Jody Macgregor: I spilled an entire cup of tea on a laptop. The keyboard never worked right after that, and would think I was typing when I wasn't. I plugged in a USB keyboard, but found out that there's no simple way to turn off a laptop keyboard in Windows 10. I deleted the driver, but every time I rebooted it would reinstall. Eventually I had to tell it to download the wrong driver, which absurdly was the only to stop Windows from turning the thing back on.
From our forum (opens in new tab)
Scaramouche: I got my first rig around the time Morrowind released. It was a Medion from the Aldi (for those in Europe) so it wasn't special, it did not even have the revolutionairy shiny realistic water stuff in Morrowind.
Anyway, I played a lot of Europa Universalis II at the time. Because I was looking for something new for my next playthrough I at one point decided to let the game run at max speed for a couple of hours, while I was doing some other stuff downstairs. That would give me a random start I didn't play yet, so I thought.
Instead, when I returned, I found my monitor frozen, the PC not responding and some stuff inside fried.
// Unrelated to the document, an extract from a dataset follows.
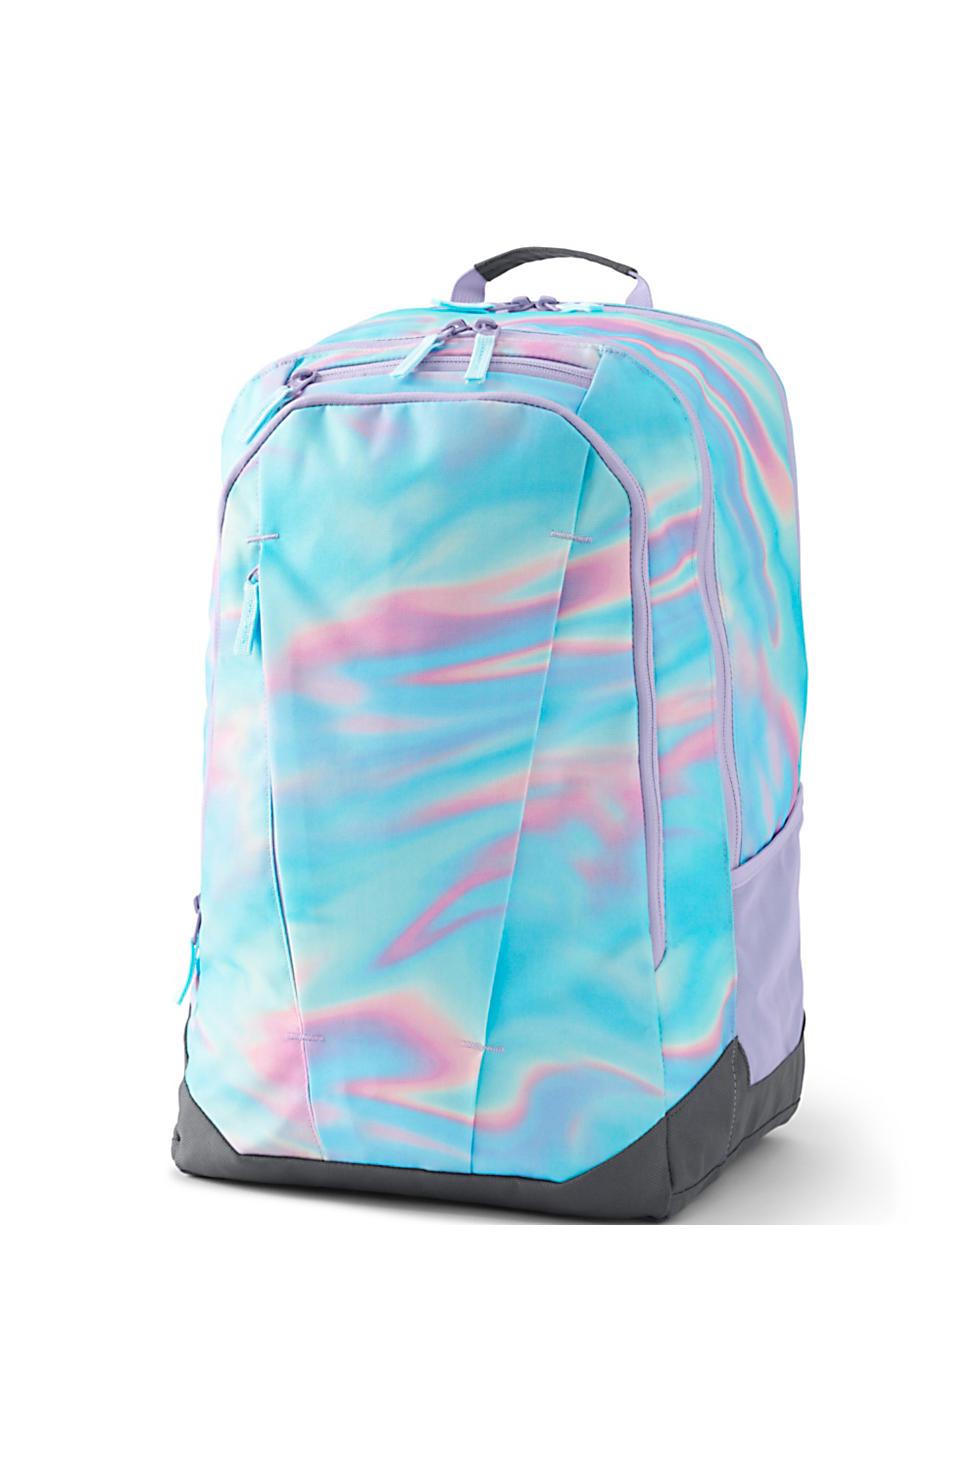 Lands End Kids TechPack Extra Large Backpack (various color options)
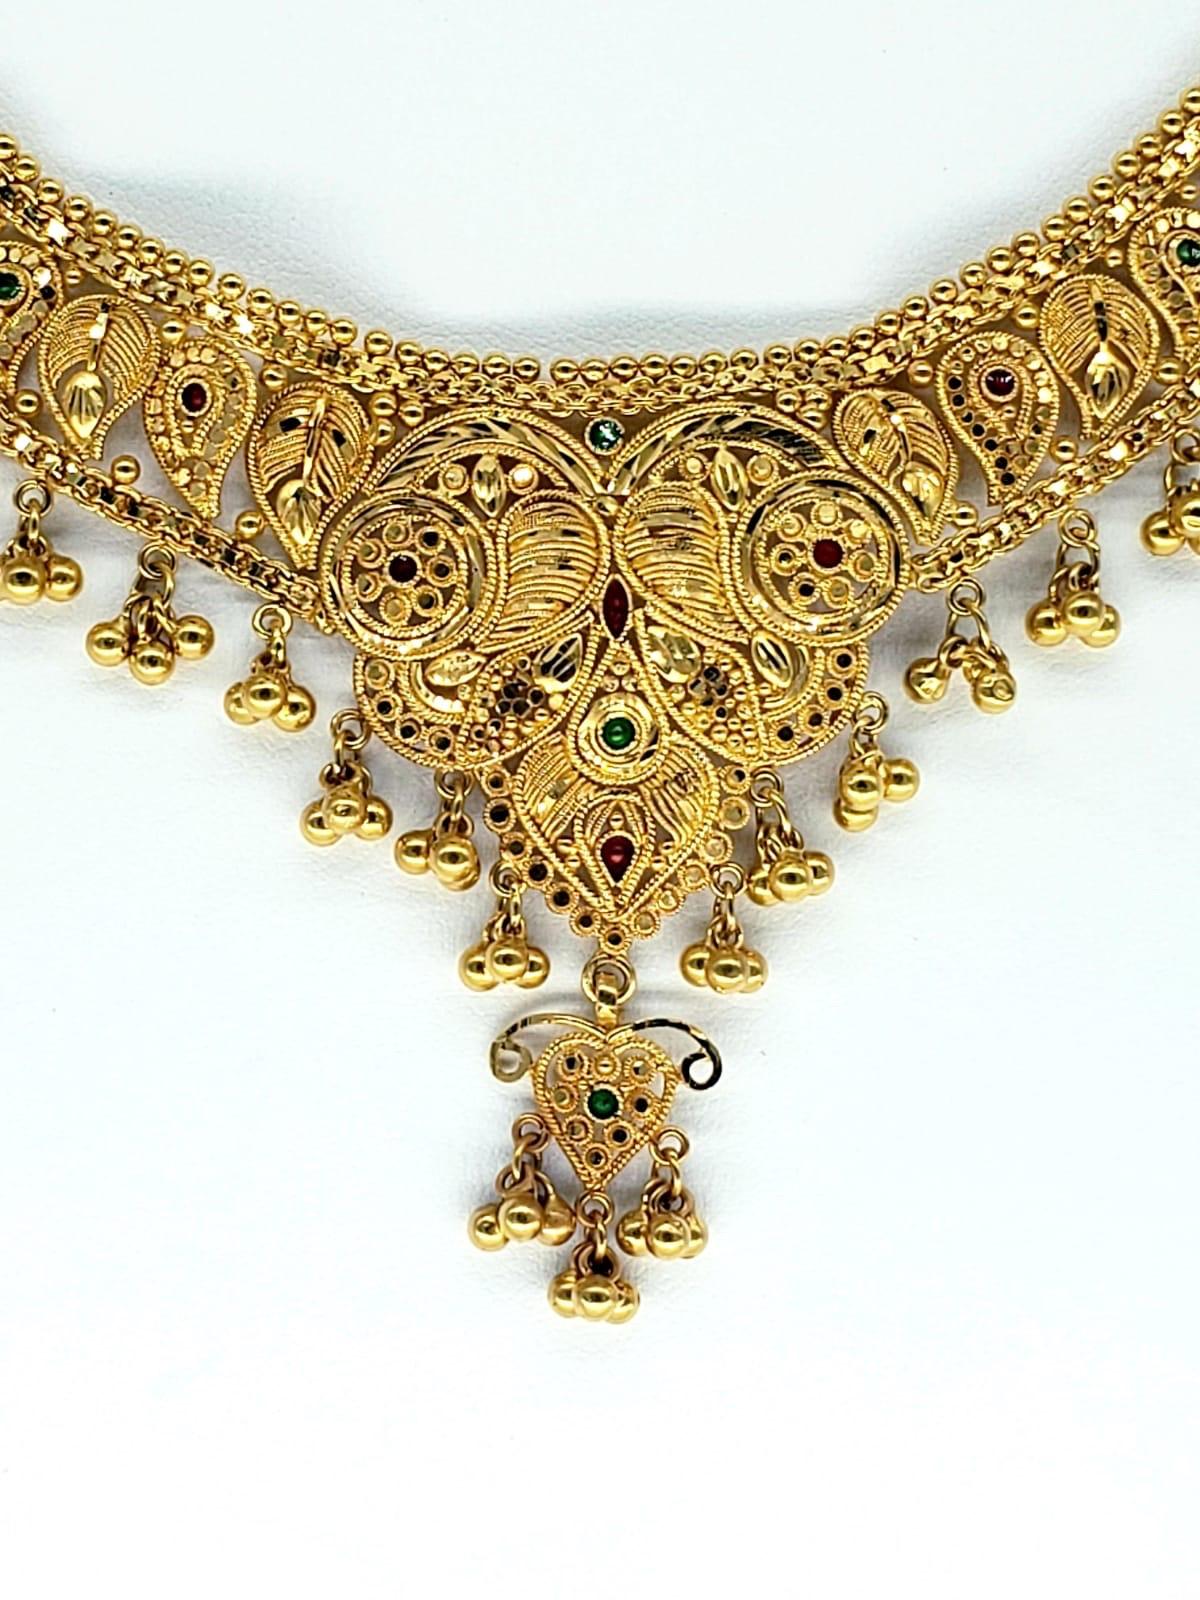 wedding 22 k solid gold filigree necklace choker pendant

I used all my expert computer skills I had at the time (cntrl alt esc, alt f4, repeat) but my first desktop couldn't be reanimated.
ZedClampet: I don't know what you've heard, but there's no way I destroyed a $2700 Alienware laptop by going cheap on the surge protector. That would be ridiculous and definitely never happened. *still wiping away tears two years later*
Now everything of any value in the house is plugged into Tripp Lite protectors that come with $150,000 insurance policies.
badman: 1994-ish: On one occasion it took us about a year to tell our dad that our PC broke, it just wouldn't start. He just didn't noticed it that we played outside for a whole year, without touching any PC games. I think our dad easily payed hundreds of pounds to make up for our mess-up. The computer guy told us never to use MS DOS 'double space' again (lol) (as 14 year old 'experts', we switched the OS from DR DOS to MS DOS). To this day, never really know what happened (it probably wasn't ever our mistake, maybe a power spike), but it was a very expensive repair. He replaced some hardware components and that was it. We even got a new HDD. On another occasion: Me and my brother once wiped all CMOS settings on our 386SX. Remember: that's the time when there was nothing like 'automatic detection' or someting like that. It happened after starting 'international soccer challenge'. I remember it to this day. No idea if it was a virus, never used that disk again. So, the guys at the computer store had their hands full (again). Luckily the cost was not hardware related, but boy: those dudes weren't cheap.